As mentioned above, scale-free network generation models such as the preferential attachment model and the duplication model can have very similar degree distributions under appropriate choice of parameters. (See Materials and Methods for exact definitions for the two network generation models.) Moreover, the degree distribution of these models converge to a power-law degree distribution whose shape is determined solely by the edge deletion and edge insertion probabilities, and not by the initial “seed” graph [11]. Hence, it has been tempting to assume that networks generated by these models are similar in general; moreover, the effect of the seed graph in shaping the topologies of these networks has largely been ignored in recent literature.

We start with the observation that two networks with very similar degree distributions may have very different topologies. For example, a network generated by the preferential attachment and another generated by the duplication model may have very different k-hop reachability, graphlet, betweenness, and closeness distributions while having almost identical degree distributions.
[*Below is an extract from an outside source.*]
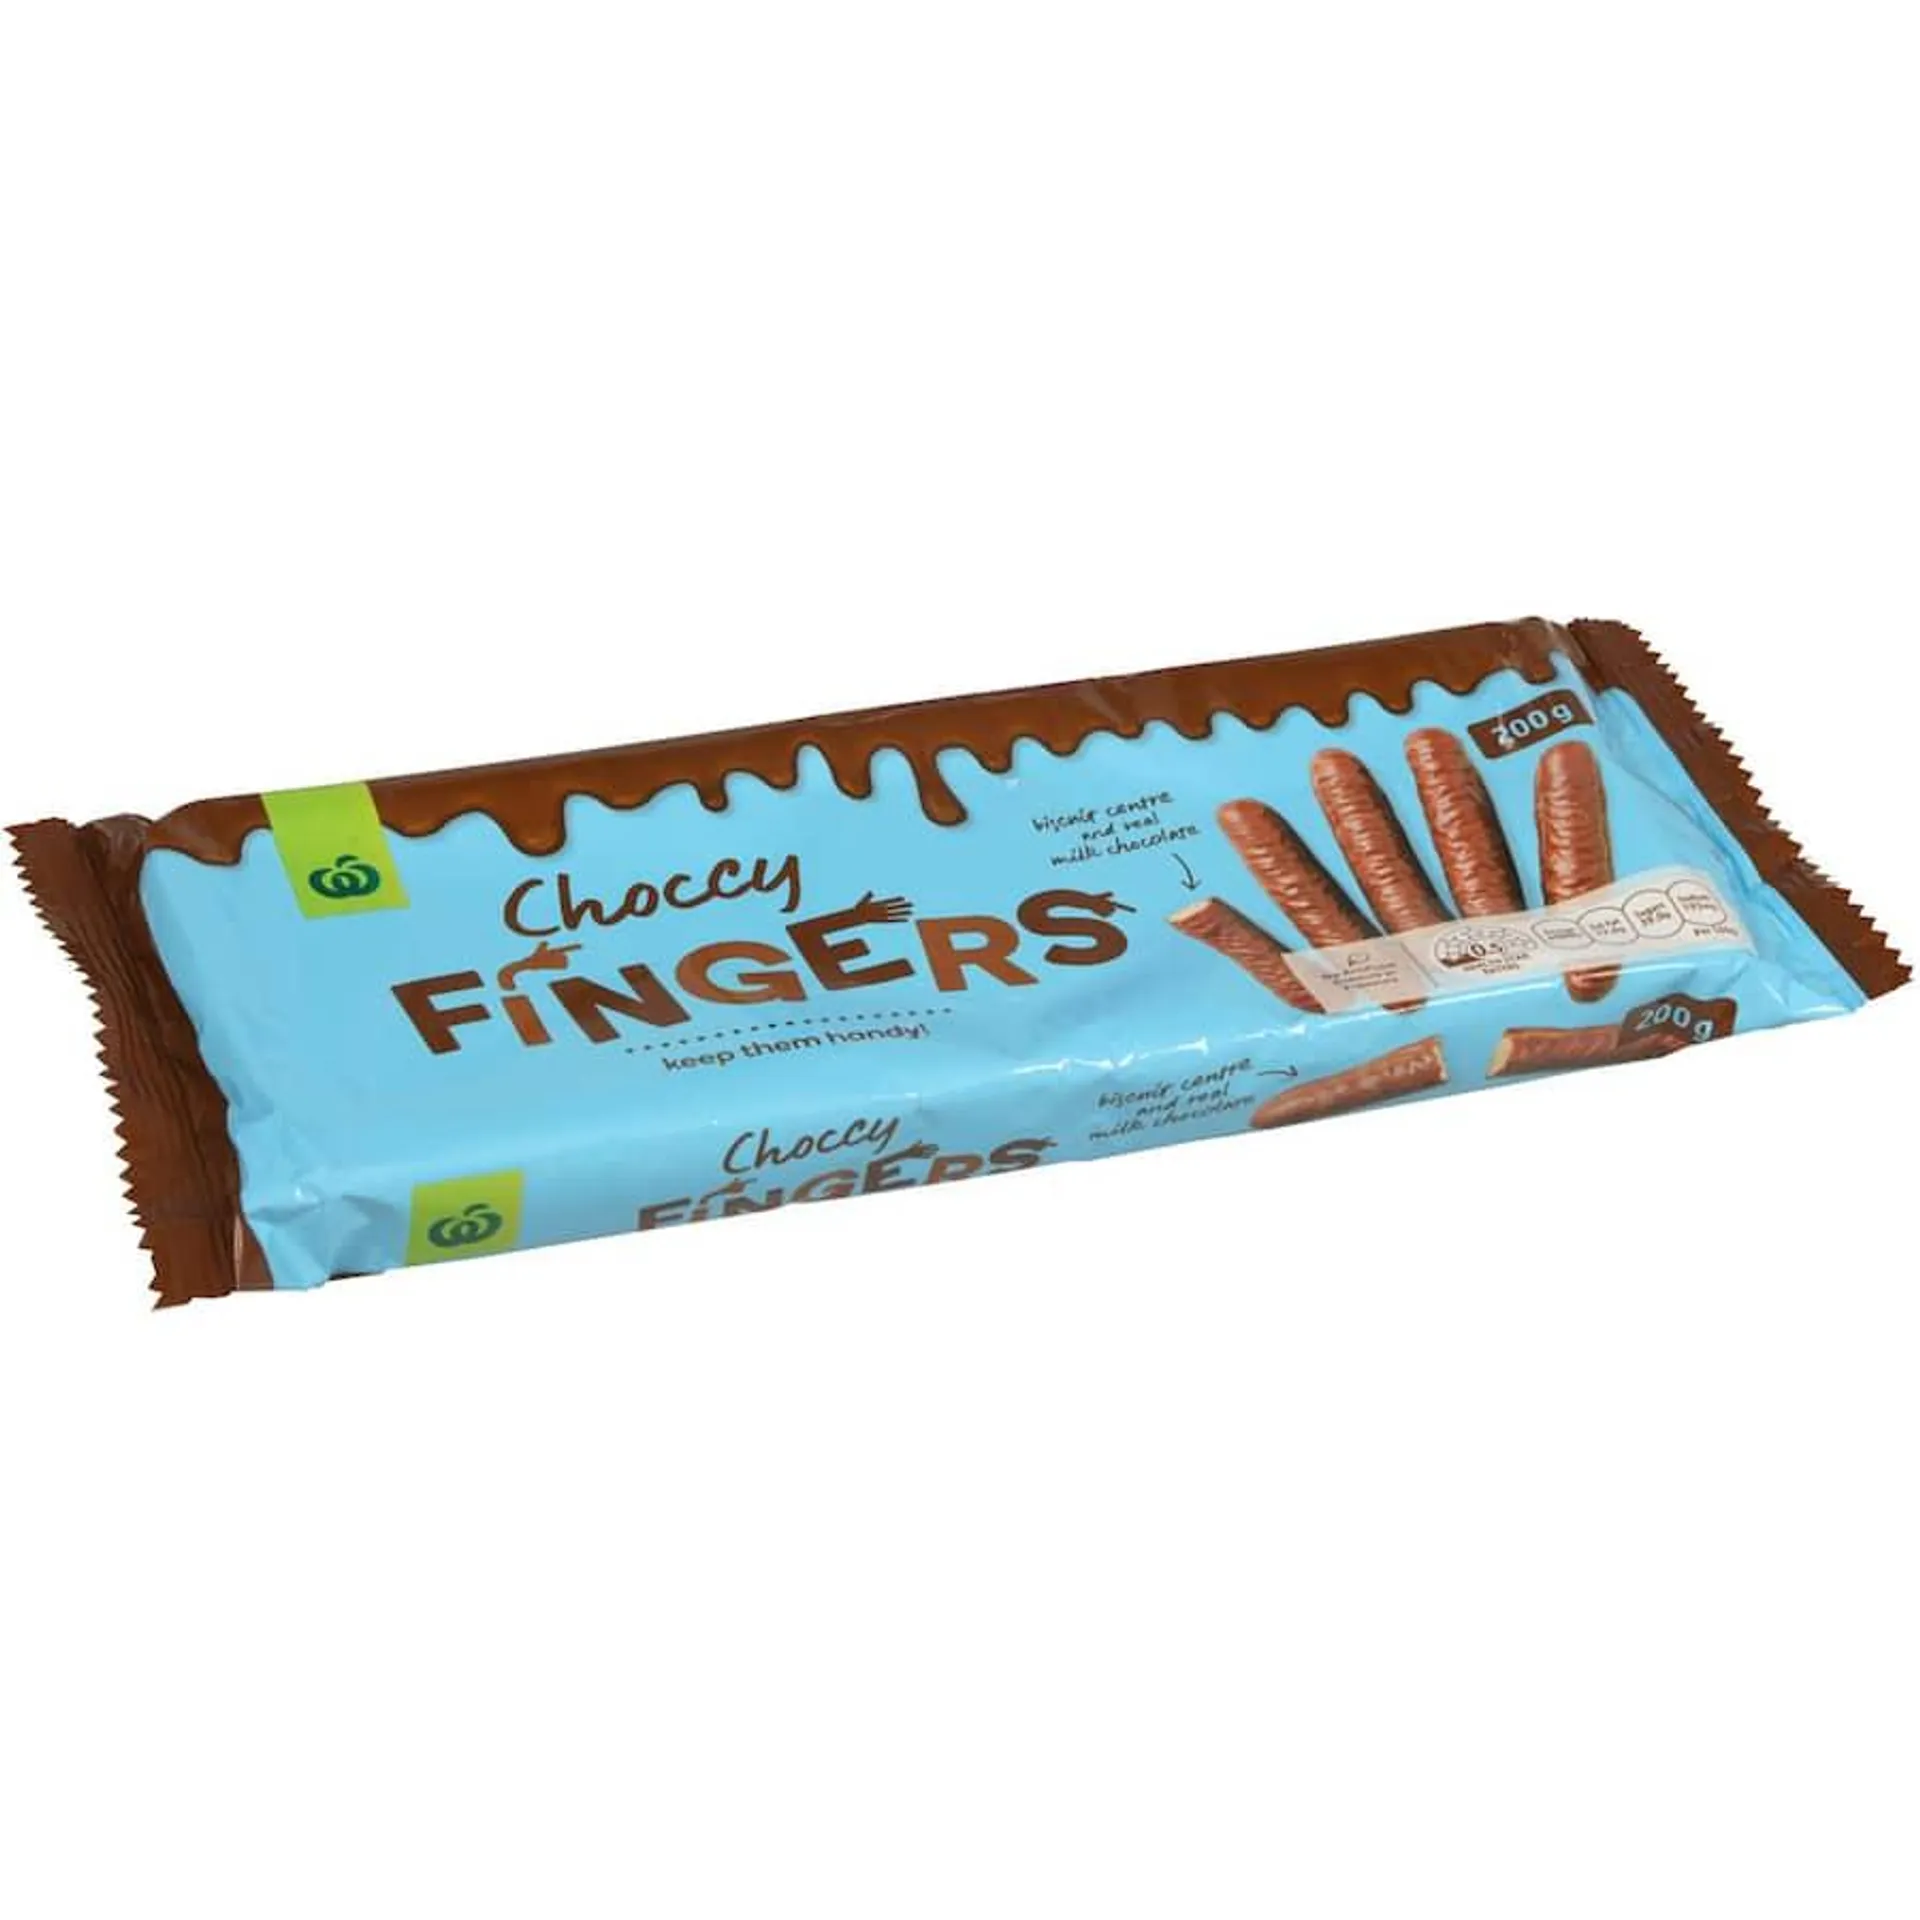 Woolworths Chocolate Biscuits Choccy Fingers

Figure 1 depicts the degree distribution, k-hop reachability, and graphlet frequency of the duplication model and the preferential attachment model with 4,902 nodes (as per the yeast PPI network [21]). Both models start with identical seed graphs; we set r = 0.12, p = 0.365 (the two key parameters of the duplication model), and c = 7 (the single key parameter of the preferential attachment model) so that the average degree of nodes in both models is seven (again as per the yeast PPI network [21]). Figure 1 compares the k-hop reachability achieved by the two models for k > 1. As can be seen, the k-hop reachability is quite different, especially for k = 3,4. Figure 1 also shows how the graphlet distributions differ, especially for dense graphlets (e.g., graphlets 17–29 and 85–145). In terms of betweenness and closeness, there are some differences as well.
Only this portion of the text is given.